Several outlawed groups are arguing that Hindu-Muslim clashes in the western state of Gujarat that have claimed hundreds of lives prove once and for all that Muslims are unwanted and unsafe in this overwhelmingly Hindu country.

Muslims are believed to comprise the vast majority of victims in the Gujarat carnage, which was triggered by a Muslim attack on a train carrying Hindu activists.

Kashmir's dominant militant group, Hizbul Mujahedin, condemned Wednesday's train massacre which left 58 dead, but added the subsequent revenge killings of Muslims pointed to deep flaws in India's supposedly secular polity.

"At this crucial stage all Indian Muslims should stand united," Hizbul's chief commander Saif-ul-Islam said in a statement.

"So-called Indian secularism has again been exposed," he added.

Another militant group Jamiat-ul-Mujahedi said the riots that saw entire Muslim families burned alive in their homes had vindicated the "two-nation theory" of the founder of Pakistan, Ali Mohammed Jinnah.

Jinnah fought alongside other Indian leaders for independence from Britain in 1947, but also sought a separate state for Muslims, which became Pakistan.

"The incidents have proved beyond doubt that Muslims are not safe in India," Jamiat's spokesman Jameel Ahmed told AFP.

Both Hizbul and Jamiat are fighting against Indian rule in Kashmir and want the state to become part of Pakistan.

The profound sense of anger at the apparent indifference of the state security apparatus as Hindu mobs went on the rampage in Gujarat was not restricted to Kashmiri militants.

"The government of India has miserably failed to safeguard the life and property of Muslims in Gujarat," said Moulvi Umar Farooq, Kashmir's chief cleric and an influential leader of the region's main separatist alliance.

"Every heart is brewing with anger in Kashmir," he added.

"Fundamentalists, be they Muslims or Hindus, are a small minority everywhere," said student Yasmin Ara.

"Yet the disruptive power of their ideas and the potential of their threat to peace cannot be underestimated," she added.

Ara blamed the Gujarat government for acting too late to save Muslims from the "expected Hindu backlash" following the train attack.

The Hindu activists on the train on Wednesday had been returning from the town of Ayodhya in Uttar Pradesh state, where thousands of Hindus have been gathering in defiance of court orders to build a temple on the ruins of a 16th-century mosque razed by Hindu zealots in December 1992.

The destruction of the Babri mosque in Ayodhya triggered independent India's worst Hindu-Muslim riots in which more than 2,000 were killed -- most of them Muslims.

Prime Minister Atal Behari Vajpayee, who described the Gujarat violence as a "disgrace to the nation," is under intense pressure to stop the temple-building drive lest it spark another eruption of sectarian unrest.

The local media in Kashmir was critical of Vajpayee's Hindu fundamentalist BJP party, which heads the federal coalition government.

"The government has proved to be very weak and unworthy of leading the country.
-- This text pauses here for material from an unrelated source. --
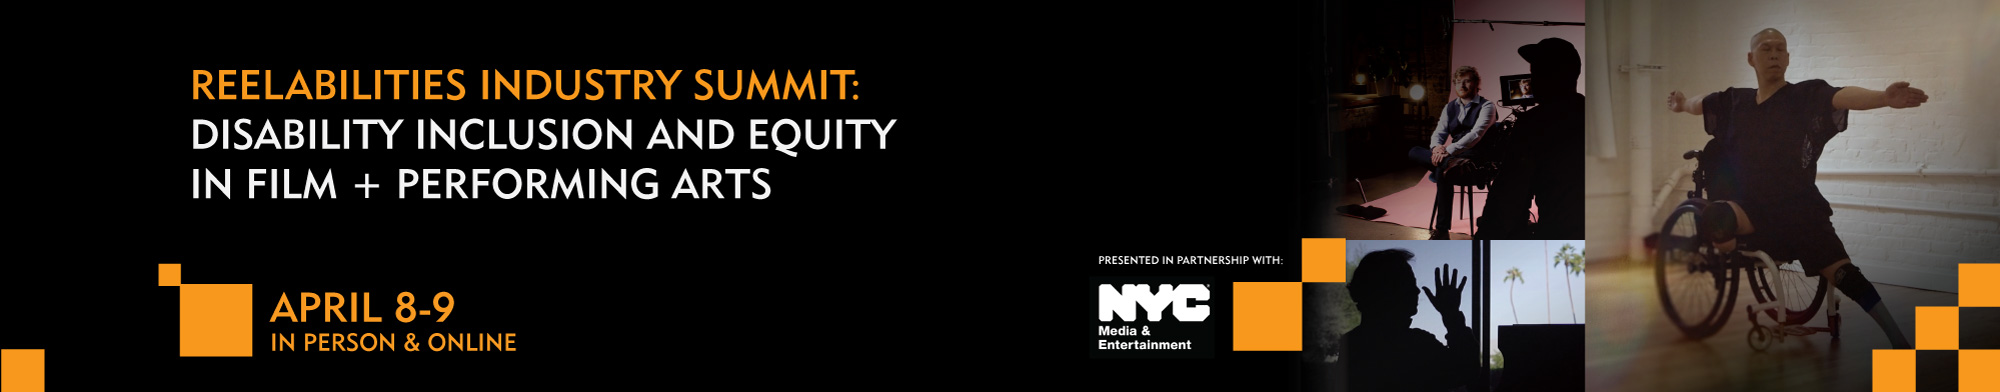 ReelAbilities Industry Summit: Disability Inclusion and Equity in Film + Arts. April 8-9. In person+ online. Presented in partnership with NYC Media and Entertainment

The gore in Gujarat and the manner in which the situation has been handled proves that," said an editorial in the leading English daily Greater Kashmir.

The Kashmir Observer said: "Religious bigotry, inevitably, leads to violence and then thrives on it.

"For a country like India, the rise of fundamentalism, particularly among the majority community, has severely dented its image."